Tourism, energy at risk as Africa's largest waterfall runs low

1st November 2019 By: Bloomberg

Tourism, energy at risk as Africa's largest waterfall runs low

The Victoria Falls before the drought
Photo by: Bloomberg

The flow at the Africa’s biggest waterfall is at its lowest since 1995, highlighting the threat posed by a drought to tourism and electricity generation in Zimbabwe and Zambia.

Flow has slumped to 109 m3/s at Victoria Falls, a 1.7 km curtain of falling water at the peak of a normal wet season, according to the Zambezi River Authority. The falls on the Zambezi river straddle the border between Zimbabwe and Zambia and the flow of the watercourse fills the Kariba dam, the site of the two countries’ largest power plants.

The drought threatens to deter tourists from visiting the site, could curtail a lucrative white-water rafting industry in the gorge below the cataract and may see the power plants at Kariba shut down, worsening power cuts in both countries. Elephants at nearby game parks are dying of hunger, further damaging the tourism industry.

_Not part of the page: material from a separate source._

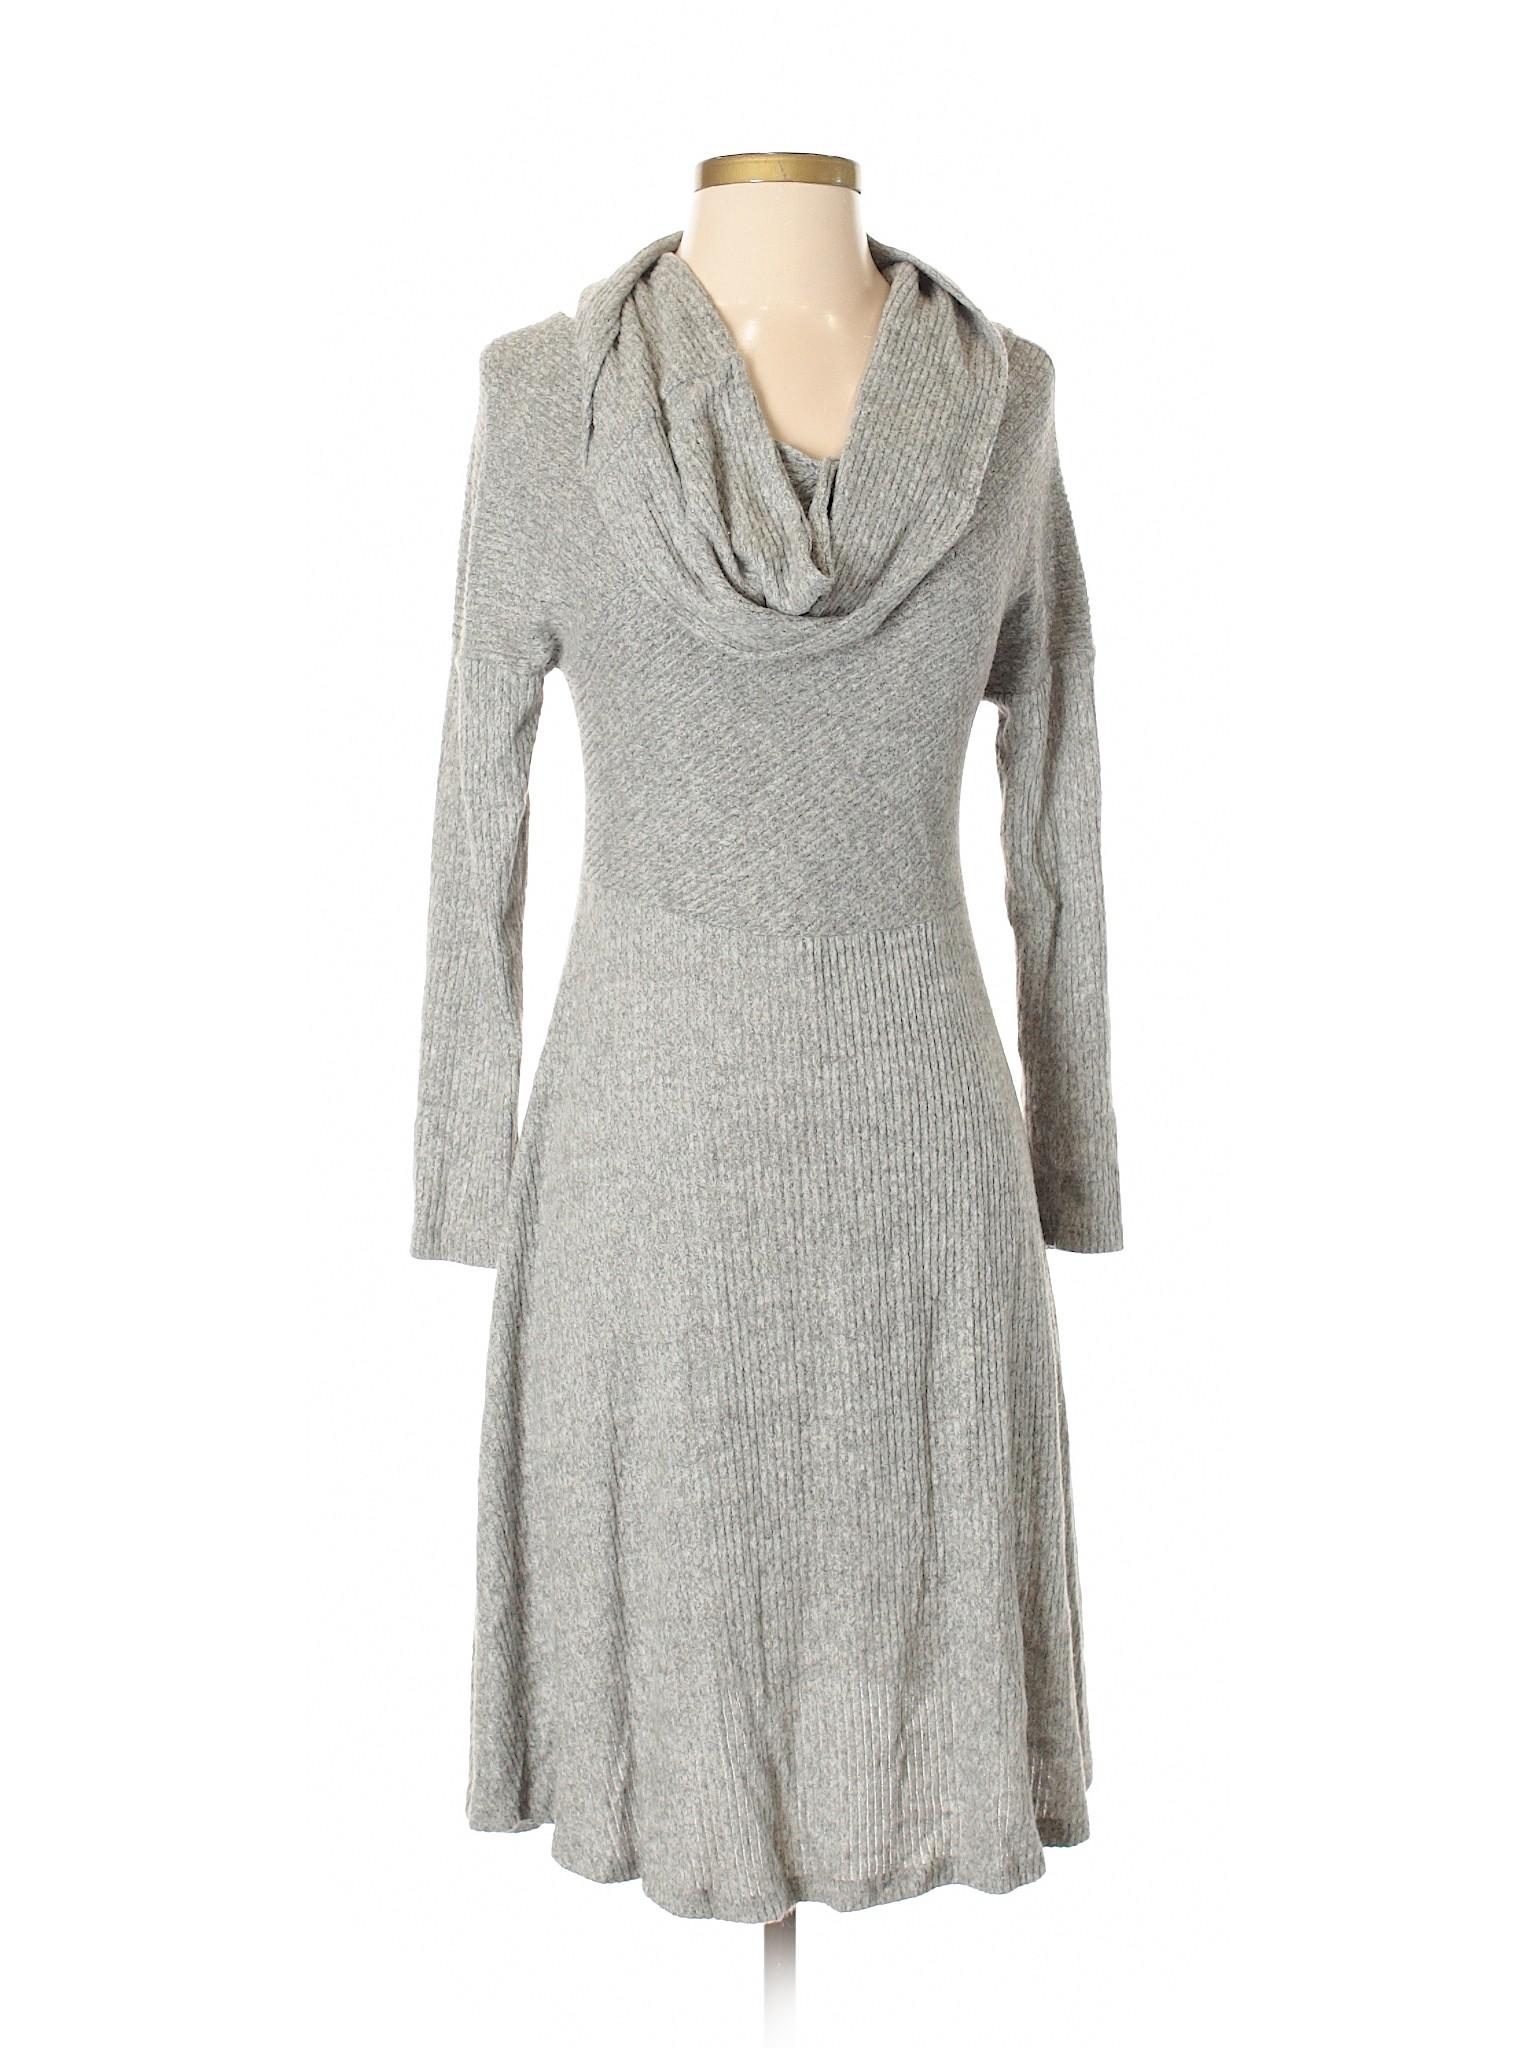 winter Boutique Love In Casual Dress qxOS6Xgpw
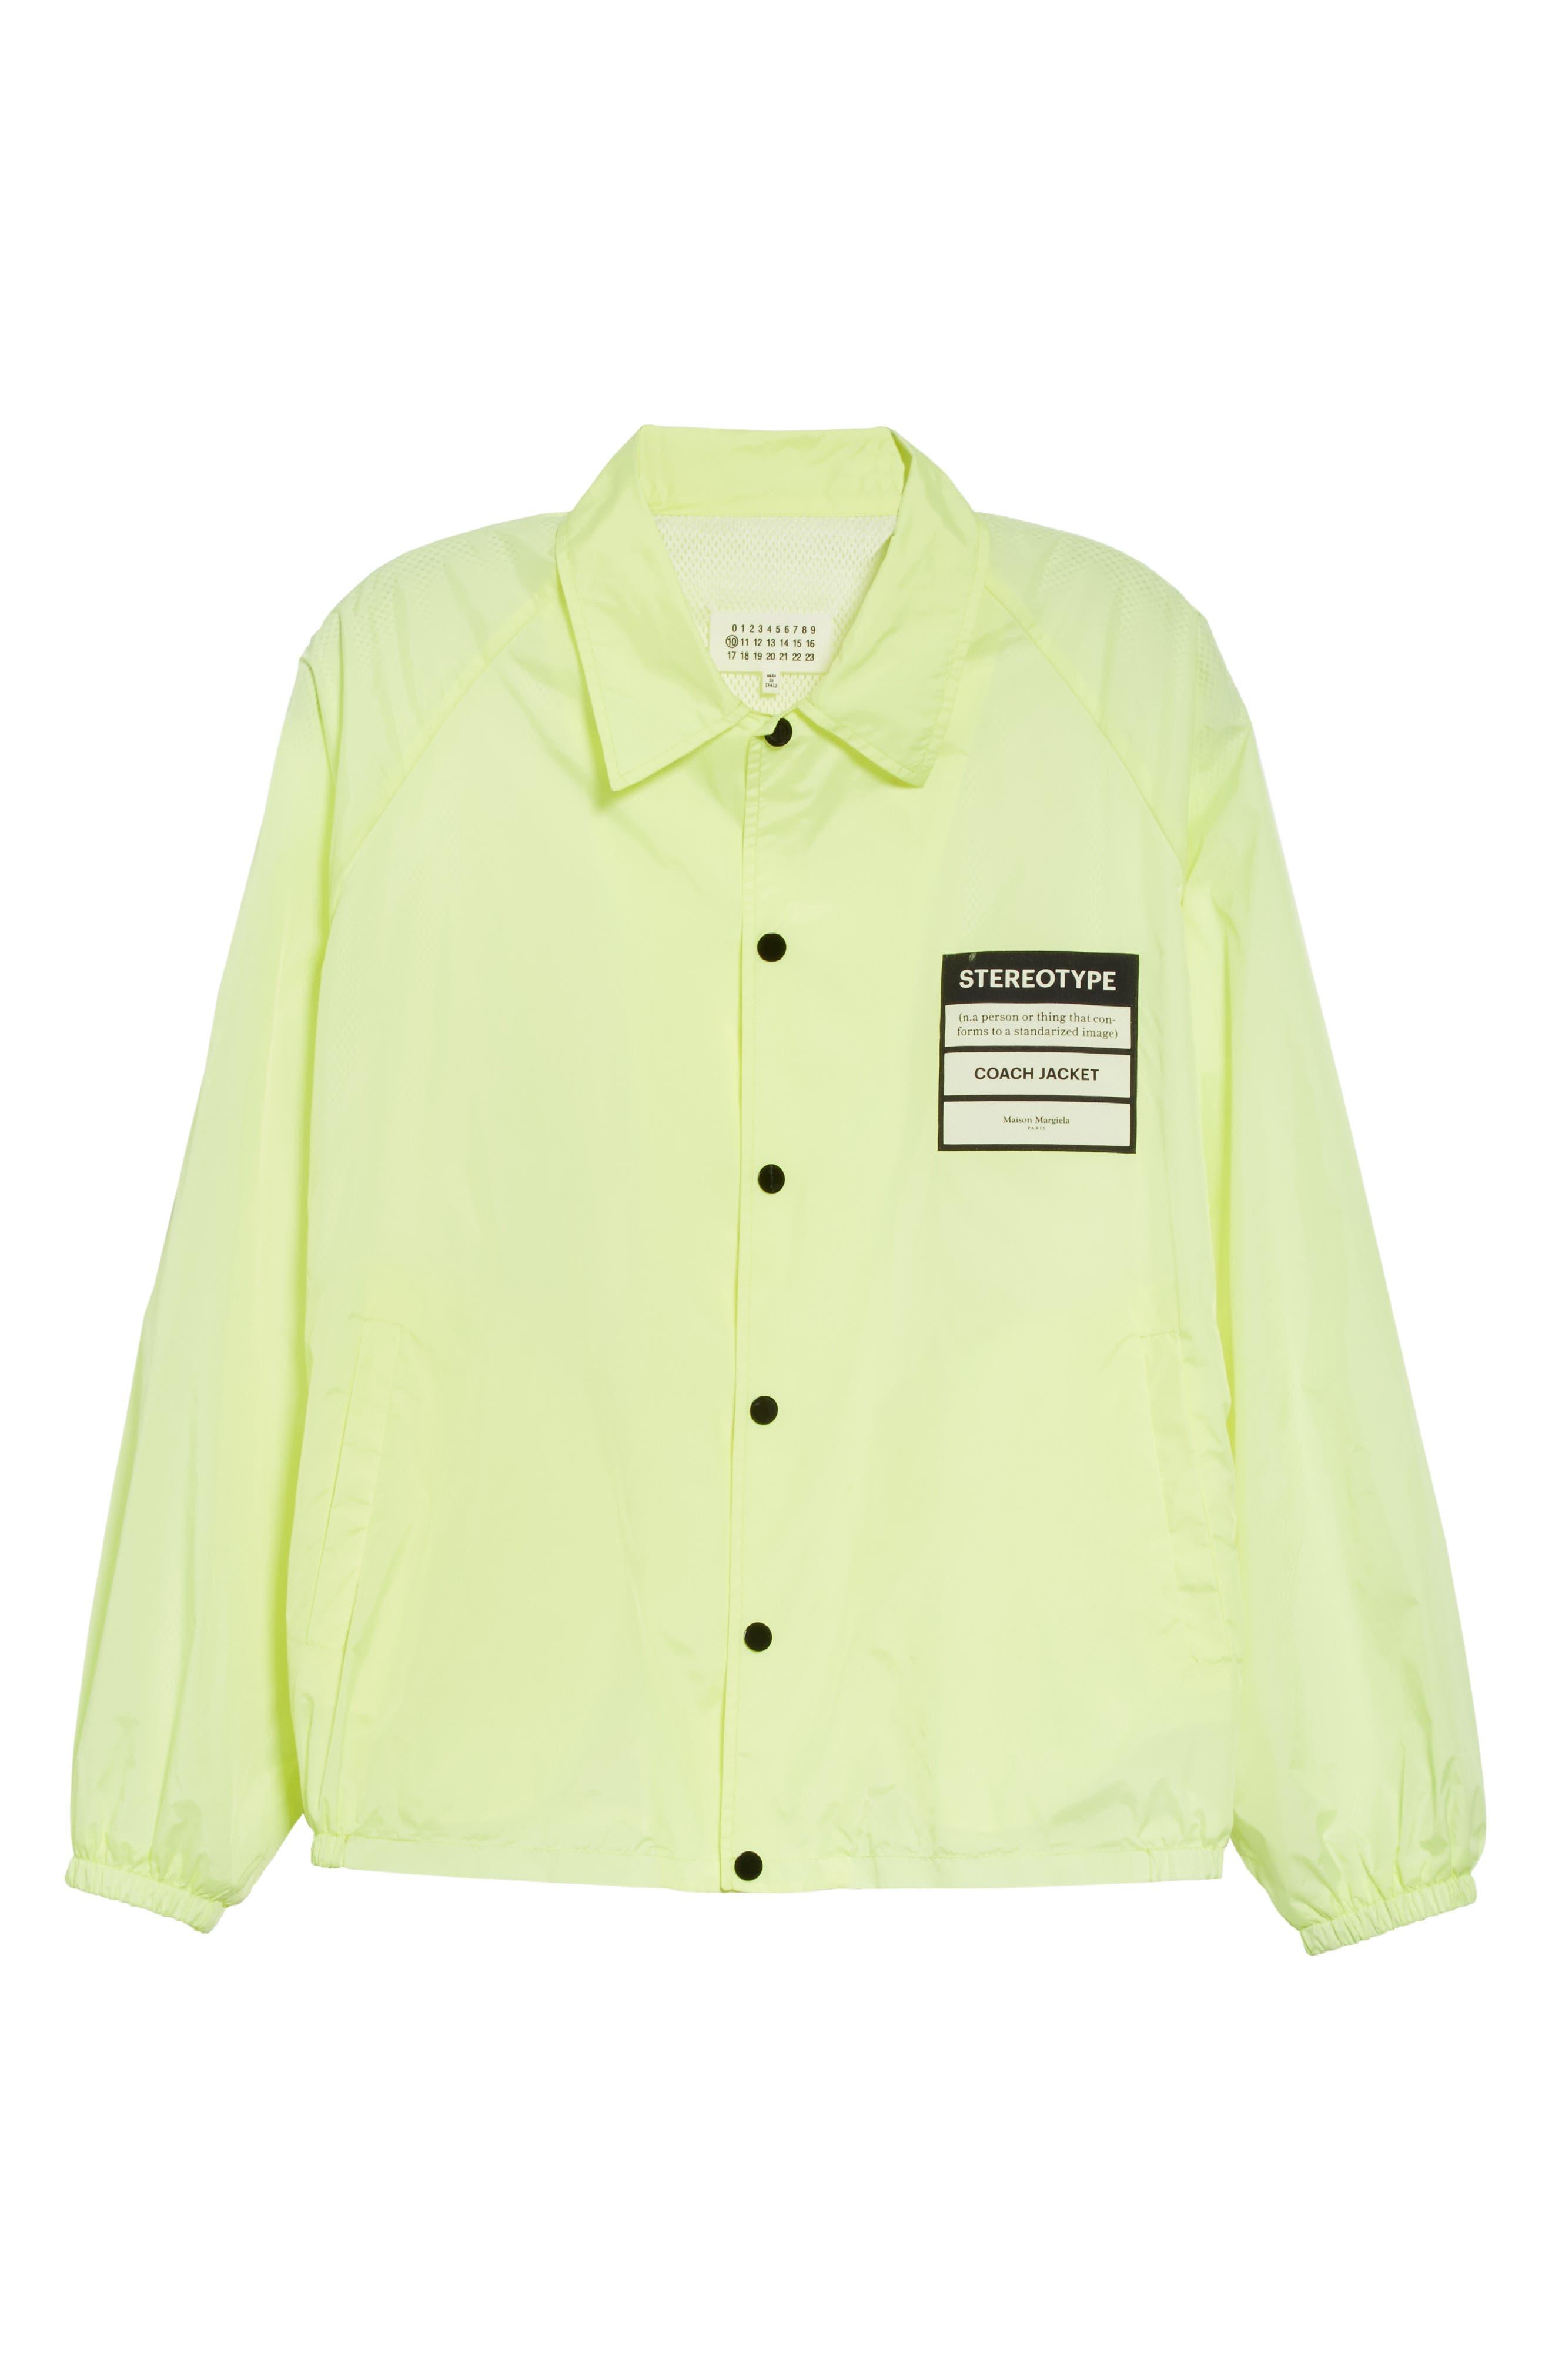 MAISON MARGIELA, Stereotype Coach's Jacket, Alternate thumbnail 5, color, NEON YELLOW

“Some of the tourism products that we boast of can be a thing of the past if climate change and global warming are not quickly addressed,” said Godfrey Koti, a spokesperson for the Zimbabwe Tourism Authority.

Key among Victoria Falls’ attractions is a rain-forest fed by the spray of the thundering waters. That spray gives Victoria Falls’ its local name – Mosi Oa Tunya – The Smoke That Thunders.

“Rafting activities and visits to the rain-forest have declined,” said Clement Mukwasi, president of the Employers Association for Tourism and Safari Operators. “There isn’t much that we can do except for us as an industry to promote awareness of climate change.”

The flow at the falls is volatile. The lowest on record is 99 m3/s in October 1996, while the record is m3/s in April 1977, according to the authority.

This year’s paucity, which has left Kariba 15% full, has already cut power generation at the Zimbabwean plant to just over a tenth of its usual output.

”We are dangerously close to a level where we have to cut off power generation," Mthuli Ncube, Zimbabwe’s finance minister, told lawmakers in Victoria Falls town on Thursday.

Rains in Zimbabwe normally begin in November and end around April.